On October 08 2014 10:41 heaveshade wrote: Hi there, I need some advice to decide the graphic card. 1080p and mostly playing old games like sc2, dota2 and civ4, maybe some newest games from time to time. My initial plan is to pick a gtx970, but the price is so damn high here. The red cards are actually better for boinc, in which i am interested atm. They are much cheaper, but it seems like they suck at anything except for gpu computing, and they draw more power. Is super flower gx550 enough to deal with r9 290 and i7 4790k?
Yes, but it'd be at high load for simultaneous 100% load on CPU and GPU at the same time with very aggressive OC's on both
On October 08 2014 08:41 Sentenal wrote: My current toaster is finally being unable to play some of the newer games coming out, so I'm probably going to upgrade fairly soon. So right now, I'm looking to build a new computer. I've already assembled a build, with most of what I think I might want: http://pcpartpicker.com/p/kzyKNG
I'm not buying a new GPU with this, as I already have one I have bought fairly recently, which is a Radeon R9 270.
The thing I'm most concerned about with this build is whether or not the Heat Sink will be too big for my case. The thing is big as hell in its preview picture, at least. I suppose the same goes for my Power Supply as well, since I'm wondering if it would fit in my case gracefully.
And I guess as an extra, I'll have two free slots of RAM with this build, and I have some extra 2 GB sticks of memory from my current machine. Would it be a bad idea to run like two 8GB sticks and then two 2GB sticks of memory?
You have some big issues aside from just stuff fitting.
Firstly PSU and mobo should fit, they are built to ATX standard, the case probably fits the CPU heatsink too but i'm not certain on supported heights etc. Google should be able to tell you this.
You have a h97 board paired with a 4670k and a hyper 212. You don't need the hyper 212 or a -k CPU unless you're overclocking, but you need a z-series board to overclock (z87/z97) - and on top of that, 4670k is last gen, you would get a 4690k because they have a few features that make them OC better (they're more strictly binned, so clock higher on average with the same voltages, and also have better temperatures due to IHS design changes)
Adding the extra RAM like that, to have 20GB instead of 16GB would probably cost a marginal amount of memory performance (if it's also ddr3-1600) and might be worth doing if you want to use over 16GB of RAM regularly. If not though, it's probably best to leave it - it's only 4GB, and it's more awkward for the system to use and bring all of the memory timings from your faster kit down to the slower one, etc. It's DDR3 so it'd still sell for an ok amount to someone trying to build a cheap system, too.

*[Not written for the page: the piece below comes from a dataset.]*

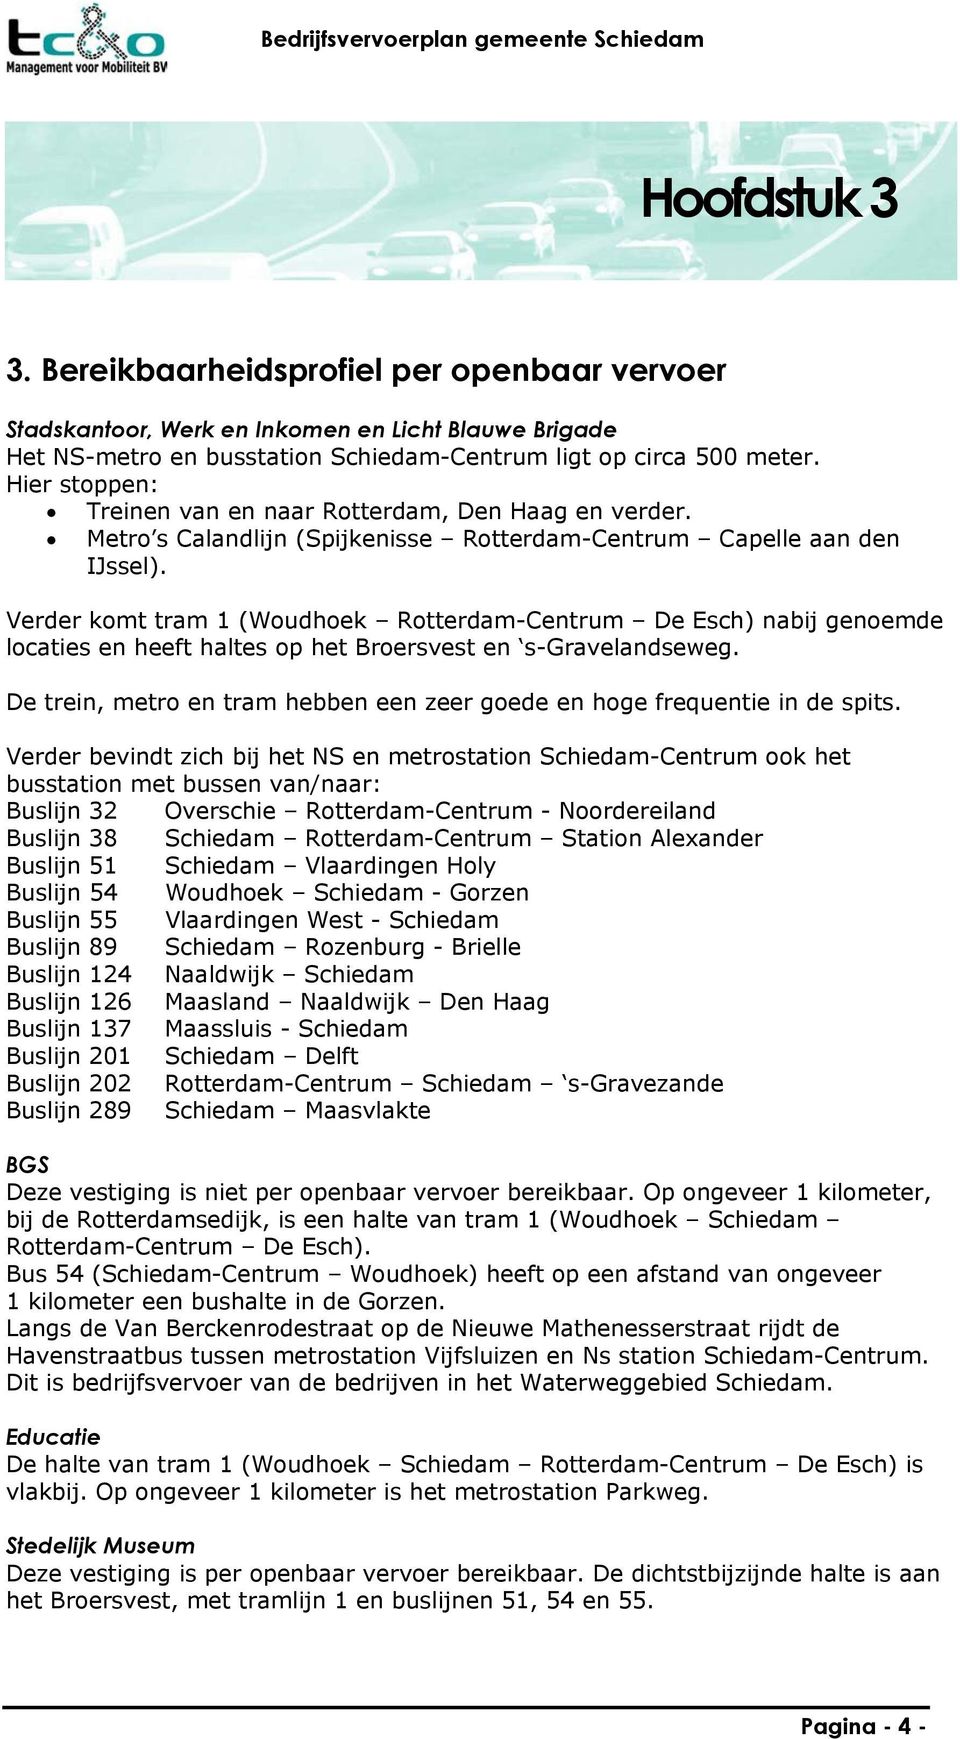 Verder komt tram 1 (Woudhoek Rotterdam-Centrum De Esch) nabij genoemde locaties en heeft haltes op het Broersvest en s-gravelandseweg.

There's no need for a 750w PSU. Unless you're pushing a quad core i5 and a 270(x) very hard, you probably wont even hit 350w under simultaneous full load for entire system. A good quality 450w PSU is a little overkill for a build like that. The Rosewill Capstone 450w is $60 on newegg, but the 550w-modular one is the same price as that other unit you have selected, but otherwise better.
If you do plan on overclocking a 4690k, it's probably wise to take a better cooler than a 212 because they're more thermally limited than something like a 1'st-2'nd gen core CPU and there's not as much reason to be tight with budget as there would be if you was building with something cheap like an fx6300 for ok performance.
But I'm a bit unsure about the CPU Cooler. If I am planning on overclocking, what sort of cooler should I be going for? The OP lists Noctua as the brand of choice, and of those recommended heatsinks, only the NH-U12S and the NH-D14 are listed as compatible with what I have so far. I'm not knowledgable at all in coolers, so I'm not sure which one is better. The 212 in my original build was recommended to me by a friend, who got that type for his i7.
Still needs a z97 mobo~
Something like an NH-D15 or h105 is high end, but probably really expensive and overkill. There should be coolers between that and the $25 hyper212 though. $35 is too much for a hyper 212, the evo edition isn't that much better. It was mainly bought when CPU's were less thermally limited, or just because $20-25 wasn't expensive.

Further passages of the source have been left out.